#### [Work required]
Each line from the one that has "Women's Ultra Light" through the final line of the listing is to be written out exactly, and no other line is.

#### [Data supplied]
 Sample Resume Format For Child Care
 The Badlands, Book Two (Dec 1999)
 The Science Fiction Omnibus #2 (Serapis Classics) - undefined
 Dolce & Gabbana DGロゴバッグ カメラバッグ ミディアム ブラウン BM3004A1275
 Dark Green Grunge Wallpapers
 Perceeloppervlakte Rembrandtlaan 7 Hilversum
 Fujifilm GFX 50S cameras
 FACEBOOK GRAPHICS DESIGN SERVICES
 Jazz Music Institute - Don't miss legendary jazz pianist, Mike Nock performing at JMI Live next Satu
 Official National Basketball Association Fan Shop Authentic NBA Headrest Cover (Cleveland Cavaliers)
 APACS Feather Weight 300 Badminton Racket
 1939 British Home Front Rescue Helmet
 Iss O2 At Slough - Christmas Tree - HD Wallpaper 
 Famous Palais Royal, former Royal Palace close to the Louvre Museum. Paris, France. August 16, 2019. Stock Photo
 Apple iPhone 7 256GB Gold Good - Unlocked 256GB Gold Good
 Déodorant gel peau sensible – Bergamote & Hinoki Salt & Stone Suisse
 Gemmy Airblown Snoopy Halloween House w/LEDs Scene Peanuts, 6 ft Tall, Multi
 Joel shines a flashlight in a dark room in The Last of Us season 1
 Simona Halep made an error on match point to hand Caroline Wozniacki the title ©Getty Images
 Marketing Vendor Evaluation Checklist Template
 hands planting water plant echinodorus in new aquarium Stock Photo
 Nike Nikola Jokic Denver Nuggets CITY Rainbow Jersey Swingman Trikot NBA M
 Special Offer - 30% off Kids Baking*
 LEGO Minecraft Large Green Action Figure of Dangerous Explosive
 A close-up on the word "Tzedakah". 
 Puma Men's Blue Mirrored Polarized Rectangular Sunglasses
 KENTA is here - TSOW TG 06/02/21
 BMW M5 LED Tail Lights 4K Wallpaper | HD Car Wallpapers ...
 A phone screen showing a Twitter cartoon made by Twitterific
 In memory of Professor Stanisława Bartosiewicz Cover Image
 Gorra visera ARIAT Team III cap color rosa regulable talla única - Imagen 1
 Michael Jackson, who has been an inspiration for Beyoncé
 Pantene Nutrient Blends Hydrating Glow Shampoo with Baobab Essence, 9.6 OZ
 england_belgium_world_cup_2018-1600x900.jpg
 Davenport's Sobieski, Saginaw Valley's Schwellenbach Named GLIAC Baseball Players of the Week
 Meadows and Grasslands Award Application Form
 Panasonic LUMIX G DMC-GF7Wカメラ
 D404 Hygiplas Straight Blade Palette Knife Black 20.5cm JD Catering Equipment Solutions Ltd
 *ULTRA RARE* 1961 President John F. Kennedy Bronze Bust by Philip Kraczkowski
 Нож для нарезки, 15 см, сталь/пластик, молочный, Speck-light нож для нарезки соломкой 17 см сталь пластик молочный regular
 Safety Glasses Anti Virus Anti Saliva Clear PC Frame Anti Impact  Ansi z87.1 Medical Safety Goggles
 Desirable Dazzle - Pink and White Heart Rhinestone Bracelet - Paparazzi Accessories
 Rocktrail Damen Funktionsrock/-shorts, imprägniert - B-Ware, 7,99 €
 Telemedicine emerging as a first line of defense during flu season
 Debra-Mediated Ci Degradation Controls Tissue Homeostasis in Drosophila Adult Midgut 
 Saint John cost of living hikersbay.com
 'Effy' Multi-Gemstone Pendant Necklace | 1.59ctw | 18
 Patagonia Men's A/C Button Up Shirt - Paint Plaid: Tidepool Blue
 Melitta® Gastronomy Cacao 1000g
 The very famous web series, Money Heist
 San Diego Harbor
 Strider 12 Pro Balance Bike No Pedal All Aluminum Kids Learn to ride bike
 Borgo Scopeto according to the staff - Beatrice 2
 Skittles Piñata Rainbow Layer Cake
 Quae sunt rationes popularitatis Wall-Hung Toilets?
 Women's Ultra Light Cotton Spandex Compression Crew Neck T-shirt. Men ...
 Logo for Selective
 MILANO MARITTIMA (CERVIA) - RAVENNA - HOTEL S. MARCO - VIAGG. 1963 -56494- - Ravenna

#### [Solution]
 Women's Ultra Light Cotton Spandex Compression Crew Neck T-shirt. Men ...
 Logo for Selective
 MILANO MARITTIMA (CERVIA) - RAVENNA - HOTEL S. MARCO - VIAGG. 1963 -56494- - Ravenna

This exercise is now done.